Но в том и суть, что неделимы они, как неделим сам стол. Они – только тогда и ОНИ, когда они вместе. Каждый из них порознь так же обычен, как и я, так же обременен заботами и жизнью и – более того! – так же, как и я, время от времени ждет вызова на разговор за столом, покрытым сукном и с графином посередине. Куда его, как и меня (и может быть, в эти же самые дни), тоже вызвали.
Завтра, когда будут спрашивать меня, он будет «они»; а послезавтра или, может быть, завтра же, но только попозже вечером, когда на другое судилище и по другому поводу позовут его – он будет «я».
Неделимость стола (неотделимость отдельного спрашивающего от всех остальных) я, разумеется, знаю с давних времен, и тогда почему? – почему мысль о личном контакте с кем-то из них не обходит меня стороной? (Что поделать, ночная мысль.
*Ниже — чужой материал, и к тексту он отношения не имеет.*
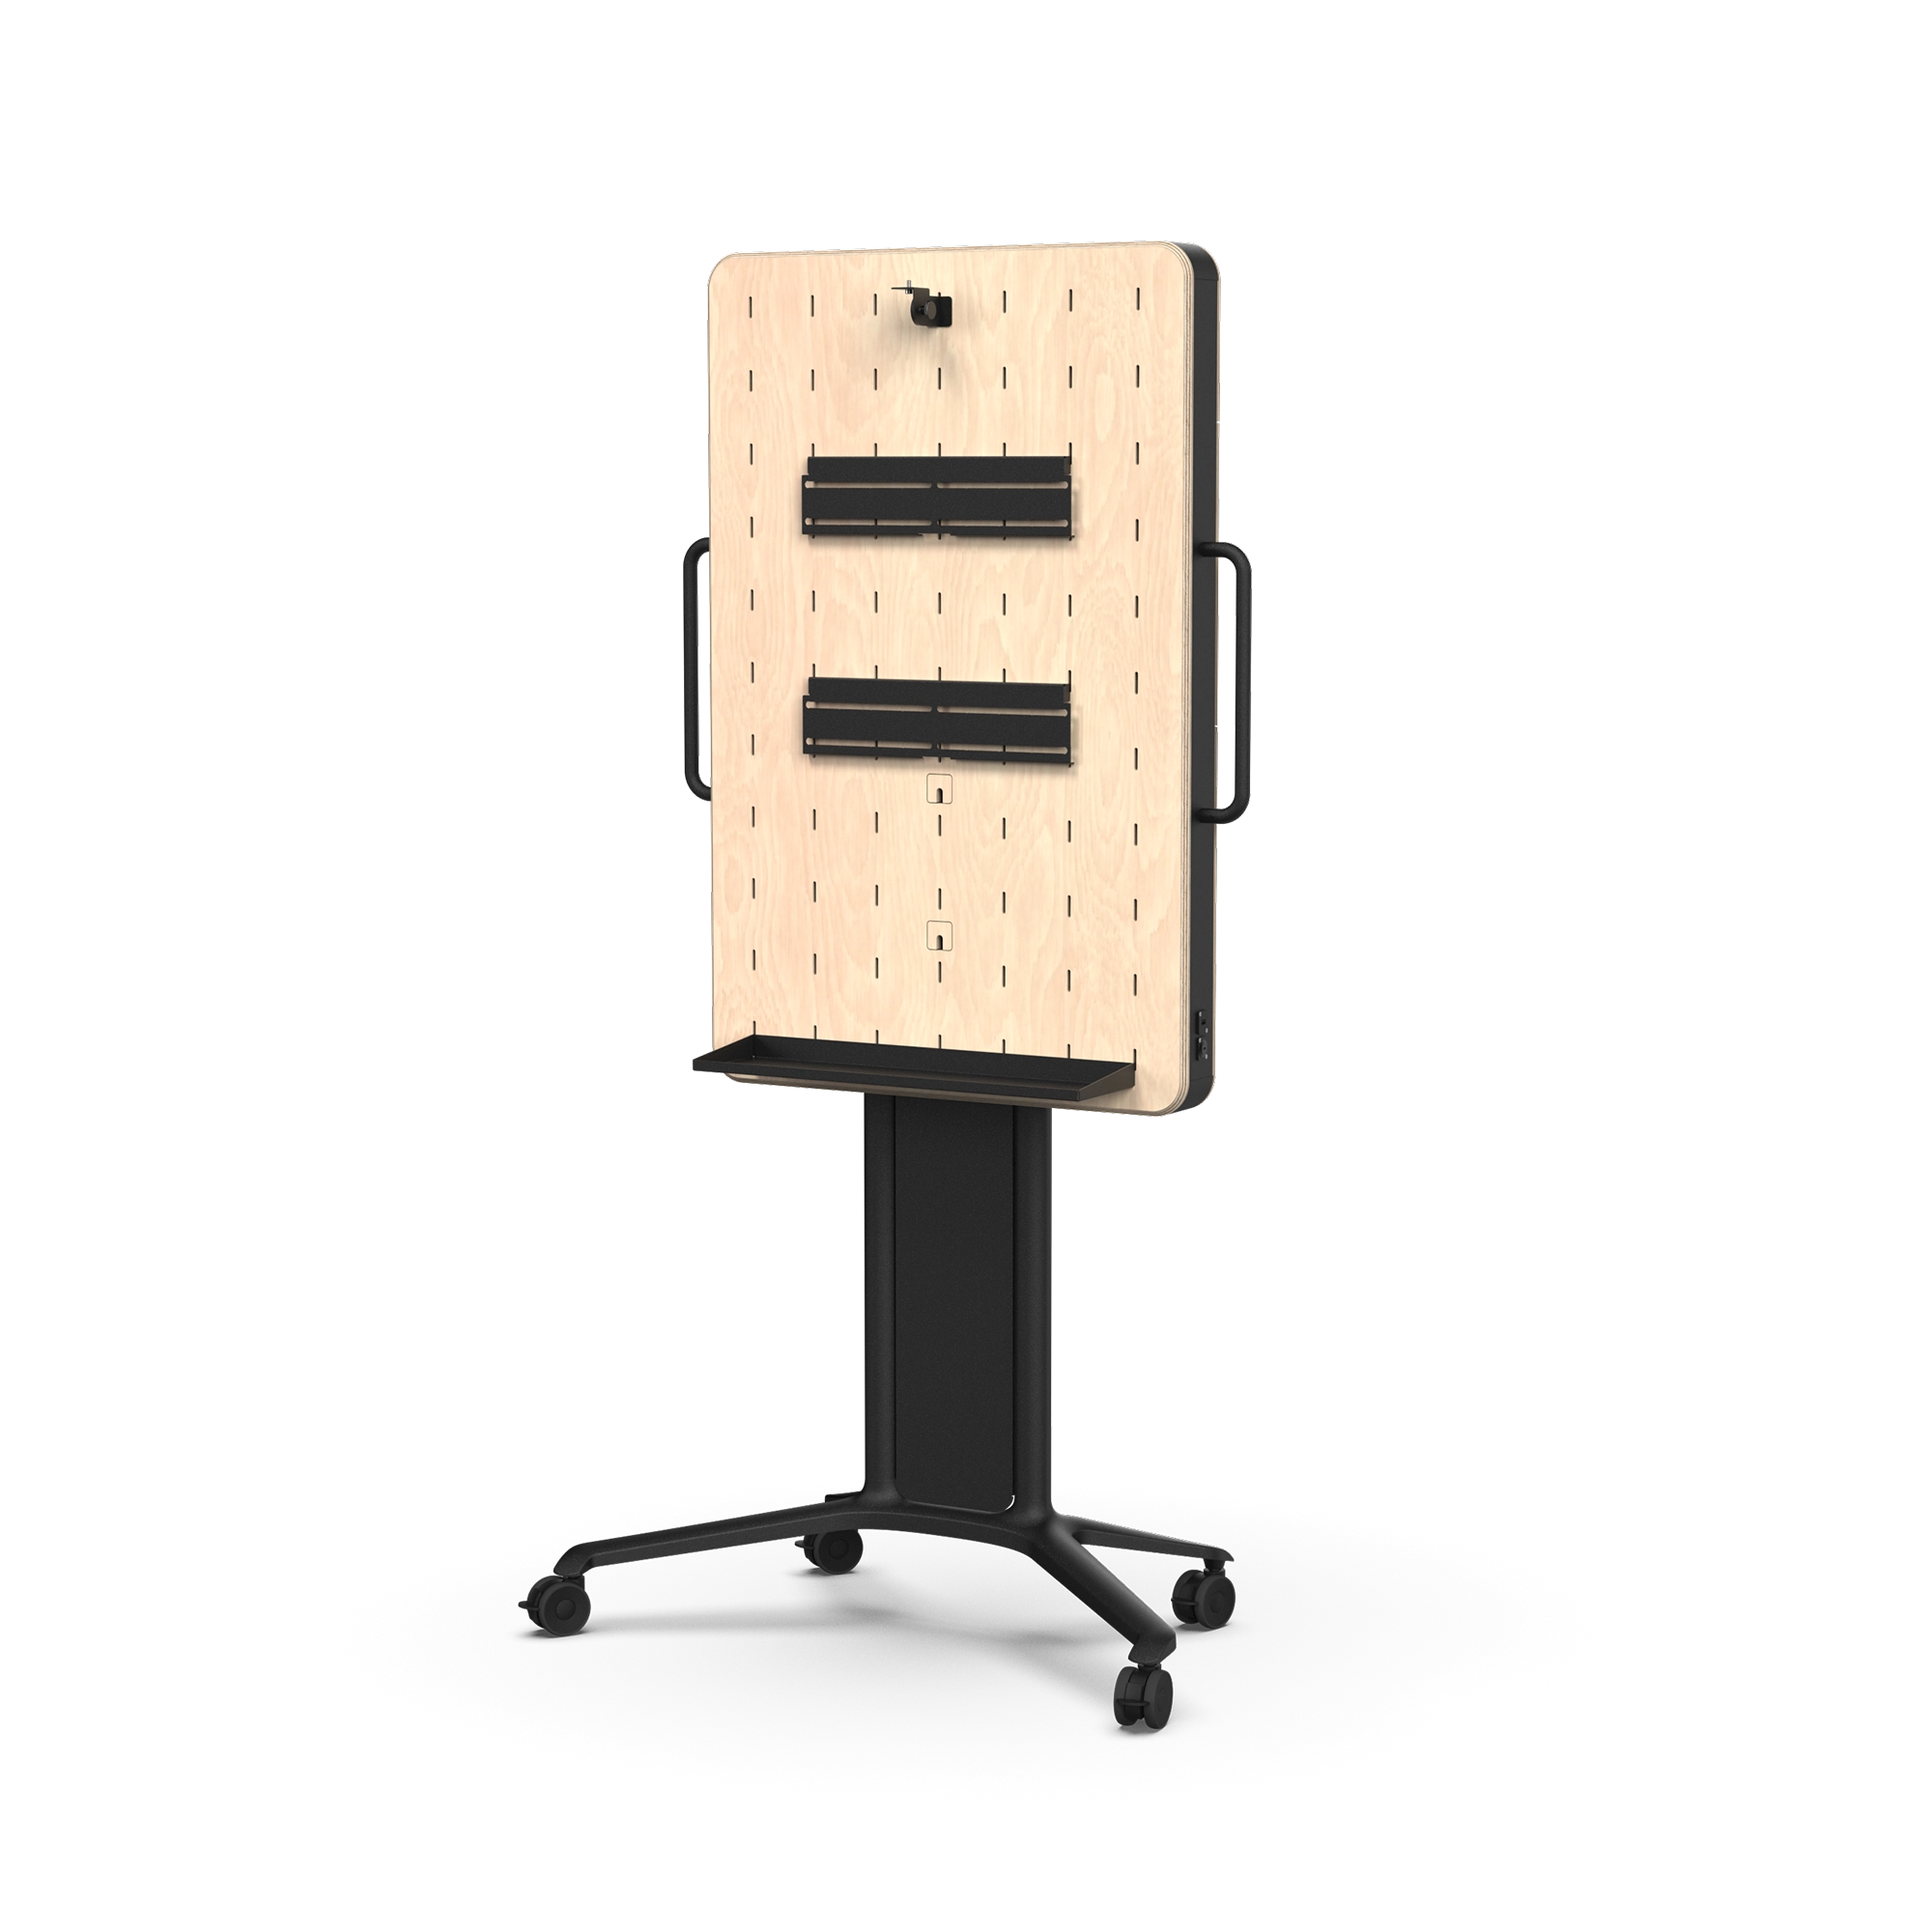  <span class="!font-bold">Peggy One,</span> a floorstand made to encourage collaboration, engagement and equality within teams. With a clear focus on mobility and flexibility, Peggy One provides a hassle-free integration of your electronic equipment. Suitable for use in all areas of the office.

В ней нет логики.) Нет уж, ты полюби не одного из нас, а нас всех и вместе взятых – говорят они. И среди ночи, под обвалом бессонницы я готов любить их всех – мне кажется, это достижимо. (Это трудно понять.)
Смесь любви к ним и страха перед ними меня угнетает (если бы я мог кого-то из них возненавидеть, я бы просто-напросто себя зауважал). Я ведь люблю их заранее – задолго до того, как они начнут меня топтать, мне хамить и мучать меня грубой тягомотиной вопросов. Я их люблю, потому что иначе я бы не выжил. Мне пришлось любить, потому что, только любя, я мог спорить с ними, эластично дискутировать, вспыхивать от несогласия и выискивать проблески их доброты.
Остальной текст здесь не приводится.